I had never heard my mother swear in my life, but her forty-eight year old twin sister was a different kettle of fish. Hands on her hips, her ample bosom thrust out towards me, I was almost lifted off my feet by her response. Brian Blessed would have cowered at her ear-shattering volume.
"The horses, you daft bugger. I have some of the most vicious, nasty, downright evil little fuckers in the county on my books, but they eat out of your hand like new-born foals. You, my dear boy, are a fucking miracle. You are a horse-whisperer. I've worked with horses for thirty-five years and I've never seen anyone with an empathy for them like you. Whatever alchemy you perform on them, keep doing it. It's fucking incredible."
She turned to go as I stood open-mouthed, then turned back to me. "And if you tell my dear sister what I just said, leave out the fucking 'F word,' got that?"
I grinned back at her. "Fucking got it, Aunt Megan."
I thought I was in for a volley from her, but she grinned back at me. "Good lad." She then stood for a moment and cast her eyes about the yard. "If you want it, all of this will be yours one day, Leo. You're a natural." Her voice became almost wistful. "One day soon, when you're old enough. Since uncle Frank died, it's not been the same."
Stunned, I watched her retreating back as she headed towards the red-brick farmhouse in the centre of the yard that she had called home since she took the place on from my grandmother in her early twenties. She had never married 'uncle' Frank hence she and my mother were still both 'Downes'. It hit her hard when he passed some six years earlier and I knew she sometimes found running the yard alone a challenge.
I went home in a daze and by the end of the evening, my bewilderment and disbelief had turned into an all-consuming rage.
What fucking use was I to anybody as a horse-whisperer? I wanted to be a girl-whisperer, but some cruel twist of fate meant that if I got close enough to a girl to whisper in her ear, she would be repulsed by my moonscape of a face.
When I finally did find a girl I could converse normally with and relate to, any fleeting thoughts of a roll in the hay with her were firmly dashed a few weeks after she joined the yard as head lass.
Daisy was a typically blunt and bluff Yorkshire girl. I immediately took to her as she was one of the first girls that knew me after my eruptions had subsided, so there was no 'prior'. Big, earthy and robust, I harboured fantasies that she would be the first to make a man of me. I was then eighteen and she was in her mid-twenties. Many a night, I thought about us closing up the yard and retiring to a vacant stall for a rough and tumble in the hay.

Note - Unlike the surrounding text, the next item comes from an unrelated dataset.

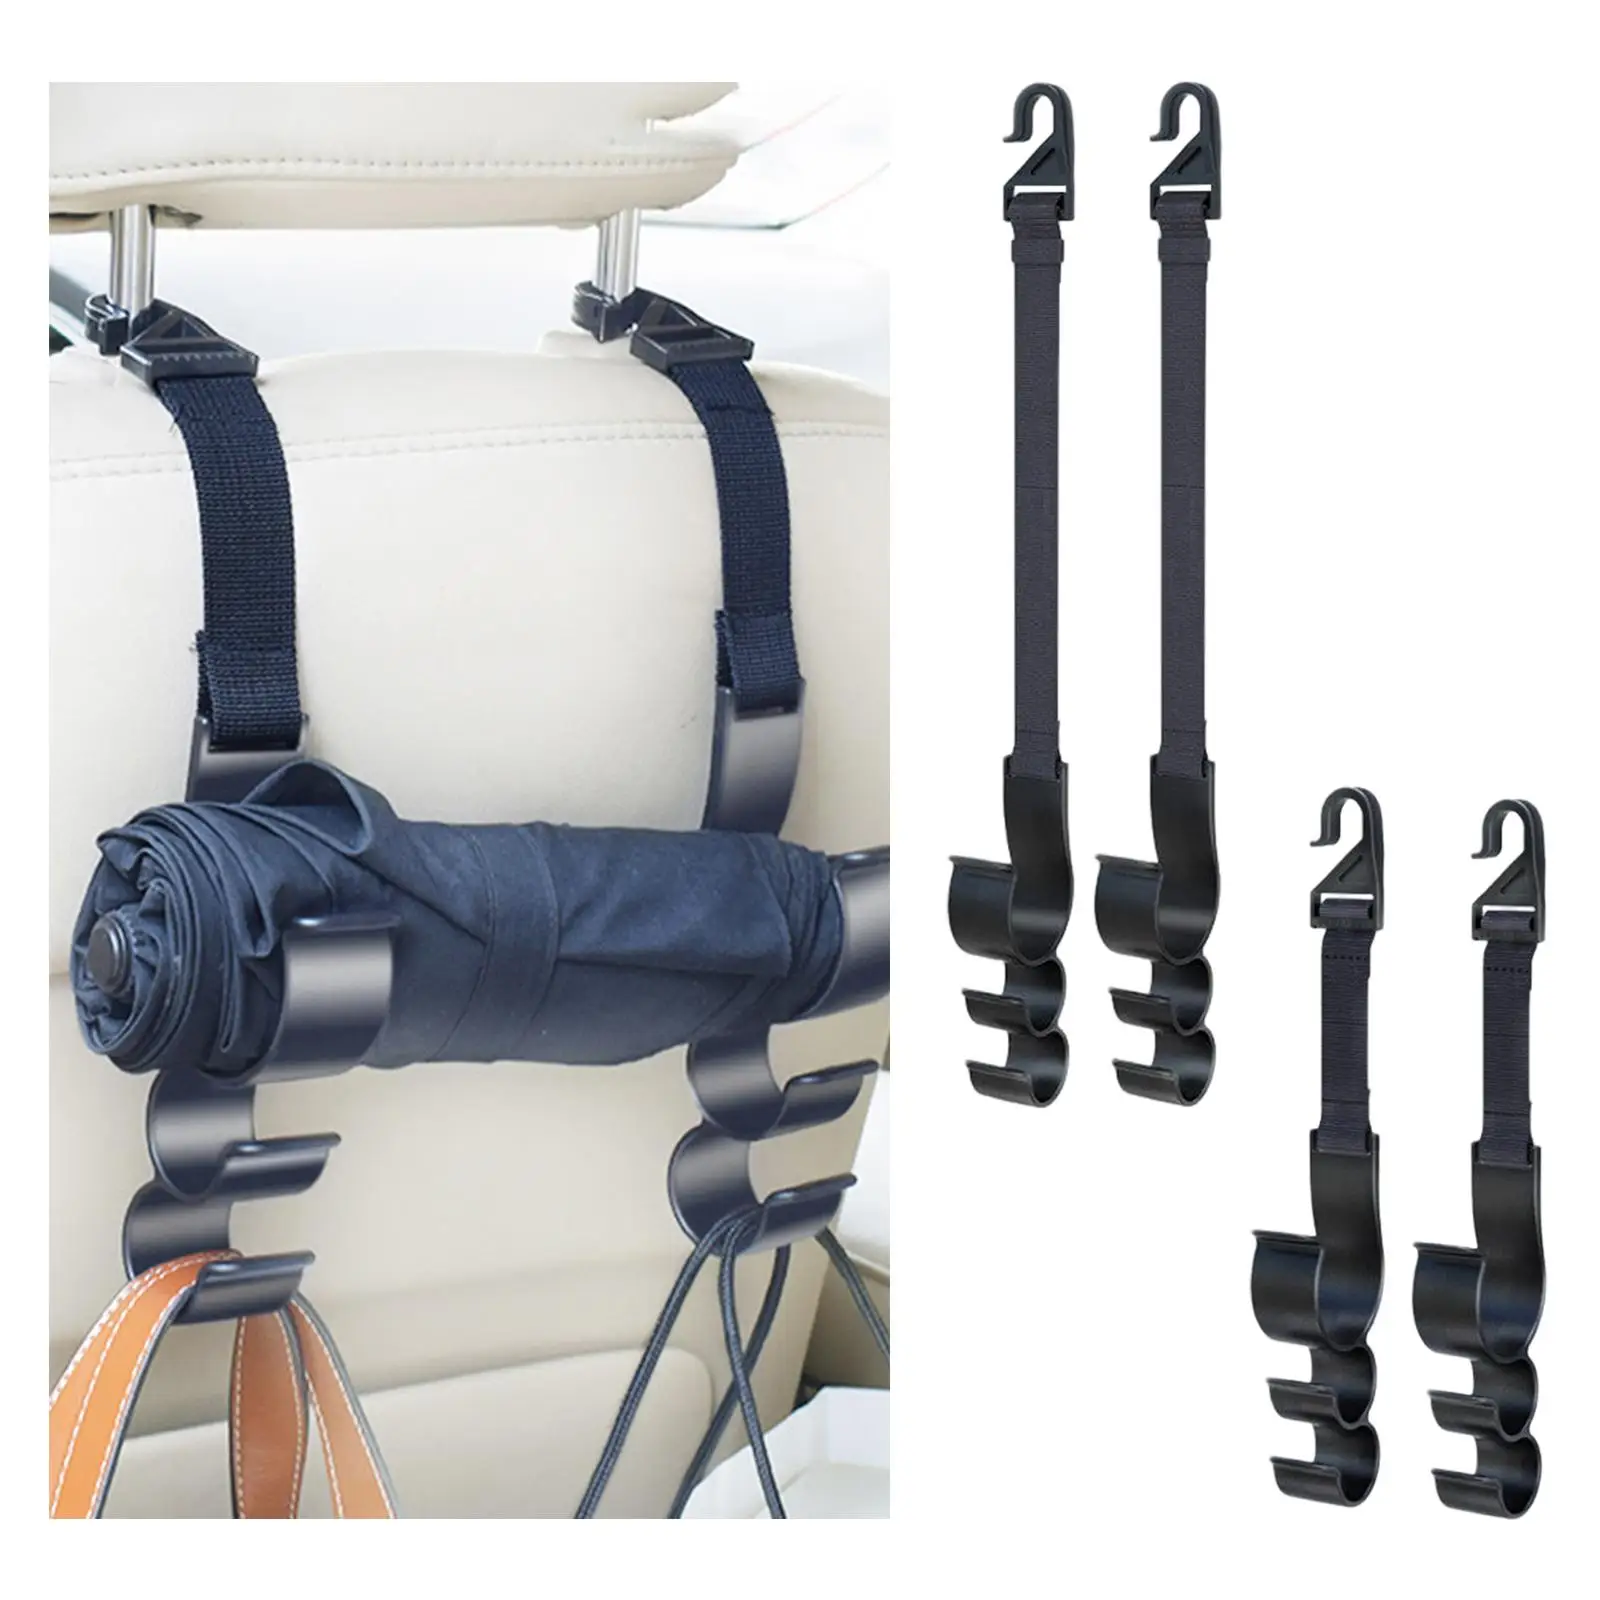 Headrest Hooks for Car Durable Headrest Hook Holder fit for Handbag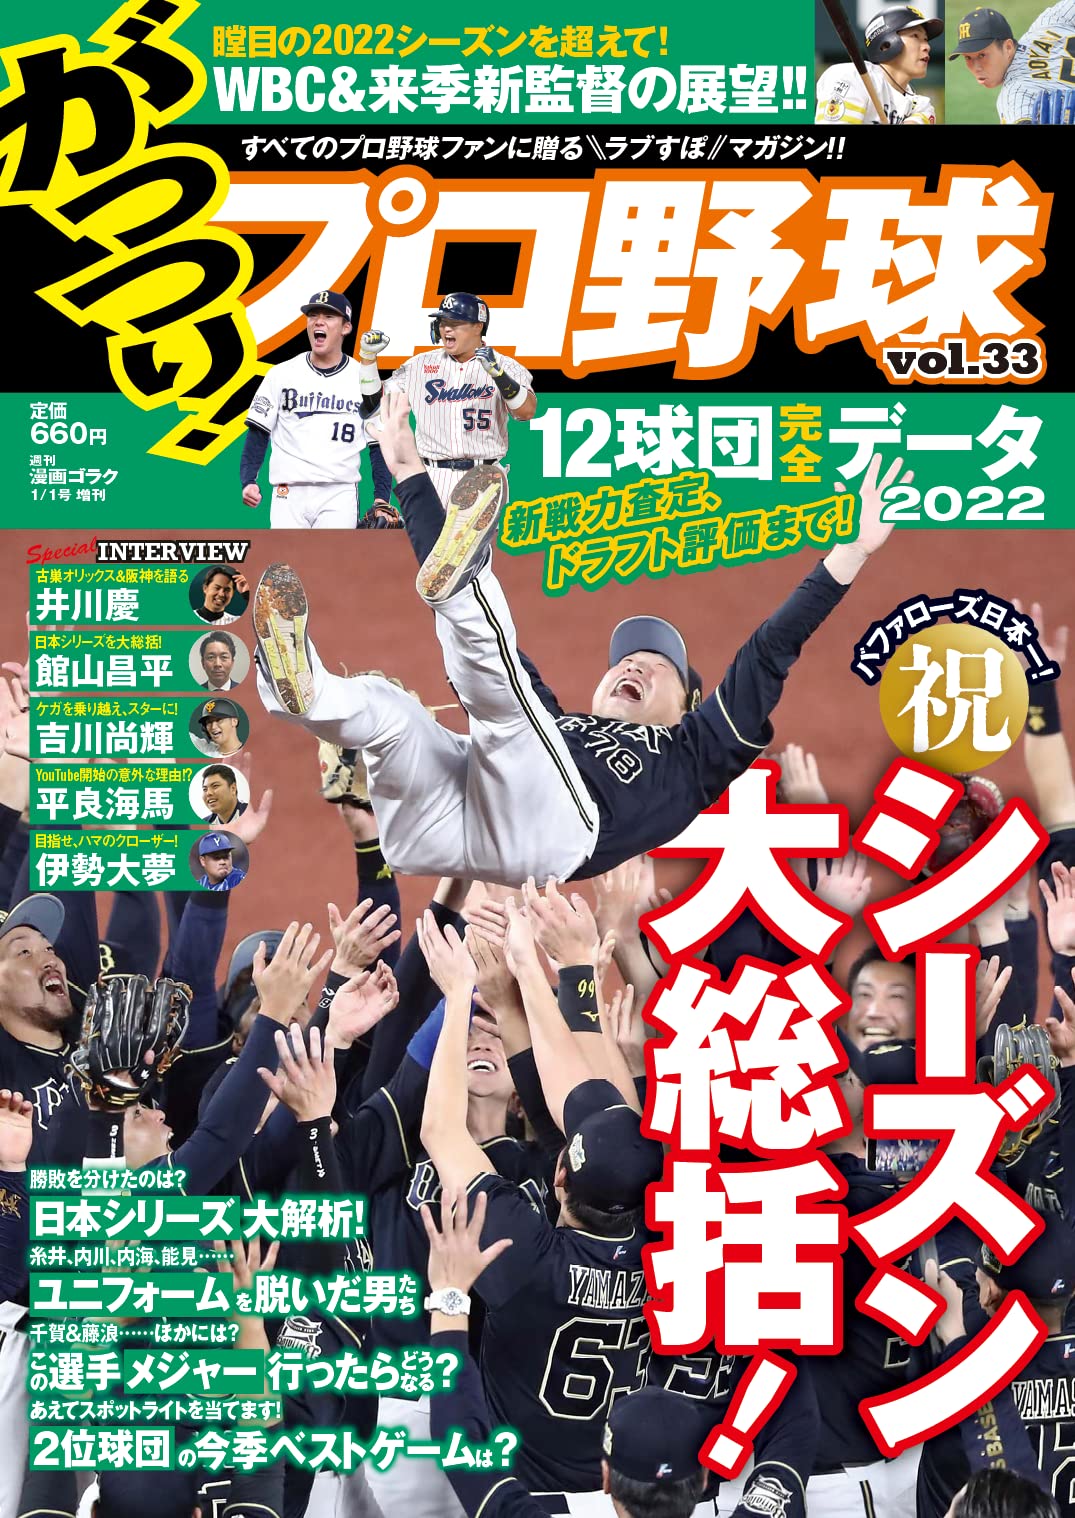 がっつり!プロ野球 (33) 2023年 1月 1日號 (漫 畵 ゴラク 增刊)

A few weeks into her tenure, that thought, like so many of my other fantasies, was shattered. Having closed up, we walked across the yard; me to my mountain bike, she to her beaten-up old pickup. She opened the door, which looked like it would fall off if she pulled it too hard.
Her broad Yorkshire accent was so warm and comforting. "Sithee tomorrow then, Leo. I'm off for a well-earned few ales. Off to see yer girlfriend are you?"
As ever when the 'G' word was mentioned, I cringed. "No Daze, just off home as usual." I cringed even more at my next line. The lie mocked my craven uselessness with the opposite sex. "Sort of between girlfriends at the moment."
Yeah, like you've ever even kissed a girl, you fucking loser.